The evaluation follows six phases with strict quality controls.

### Phase 1: Input Validation

- [ ] Extract owner and repository name from input
- [ ] Validate repository exists via `gh repo view`
- [ ] Confirm repository is public
- [ ] Record repository metadata (stars, forks, language, license)

### Phase 1.5: LDAP Prerequisite Check (Conditional)

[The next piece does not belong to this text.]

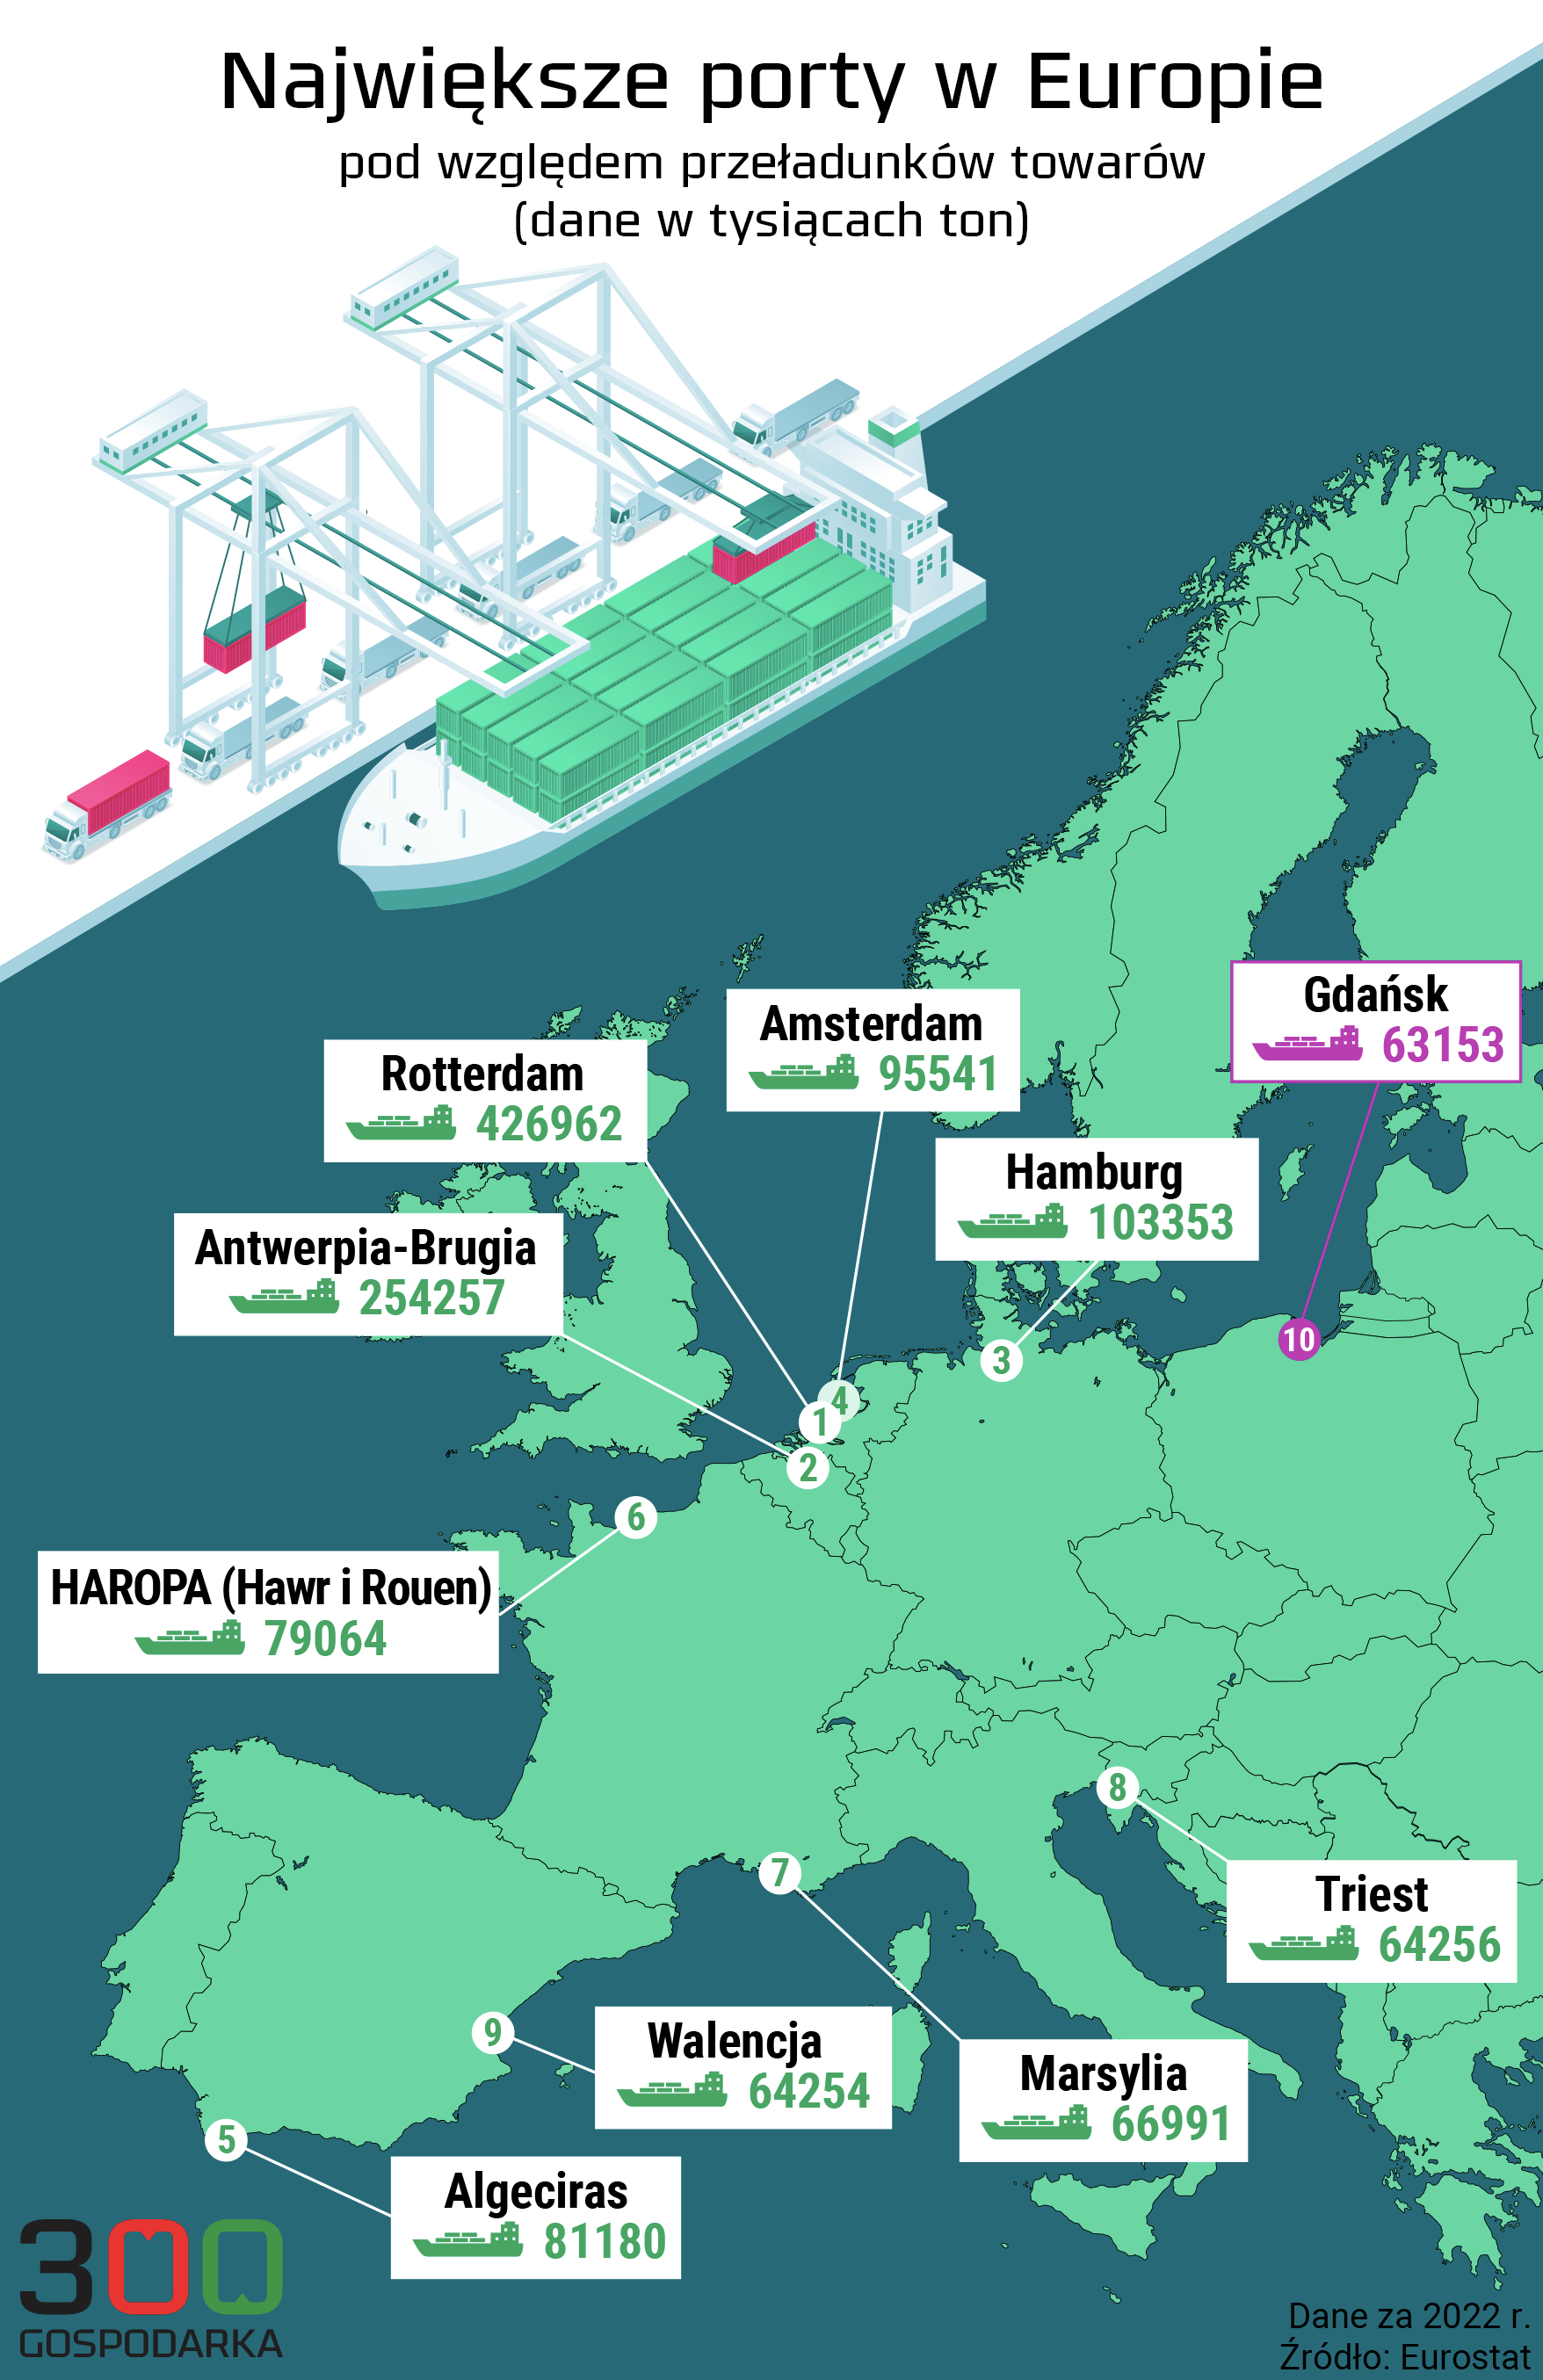 Największe porty w Unii Europejskiej

If Red Hat Engagement analysis is requested, verify prerequisites before dispatch:

- [ ] Verify Kerberos ticket: `klist` — must show a valid TGT
- [ ] Test LDAP connectivity: `ldapsearch -x -H ldap://ldap.corp.redhat.com -b dc=redhat,dc=com '(uid=shuels)' uid`
- [ ] If both checks pass: Set `ldap_available=true` for the RH subagent
- [ ] If either check fails: Set `ldap_available=false` — RH subagent will use email-only fallback with reduced confidence
- [ ] Log prerequisite check results for inclusion in the report

### Phase 2: Parallel Research Dispatch

Launch six independent research subagents in parallel. Each subagent:
- Receives ONLY the project identifier and metrics to collect
- Has no access to other subagent results
- Must use live data sources (WebSearch, WebFetch, gh CLI)
- Returns structured JSON with sources

**Subagents to dispatch:**
1. `kpi-community-researcher` - Community health metrics
2. `kpi-maintenance-researcher` - Maintenance activity metrics
3. `kpi-security-researcher` - Security posture metrics
4. `kpi-documentation-researcher` - Documentation quality metrics
5. `kpi-adoption-researcher` - Adoption and usage metrics
6. `kpi-codequality-researcher` - Code quality metrics
7. `kpi-rh-engagement-researcher` - Red Hat Engagement metrics *(conditional — only if requested)*

See `references/RESEARCH-PROMPTS.md` for subagent prompt templates.

### Phase 3: Result Collection & Parsing

- [ ] Collect JSON output from each subagent
- [ ] Validate JSON structure matches expected schema
- [ ] Flag any subagent failures or incomplete data
- [ ] Aggregate results into unified data structure

### Phase 3.5: Source Verification

**Purpose**: Prevent hallucinated values by independently re-fetching critical metrics.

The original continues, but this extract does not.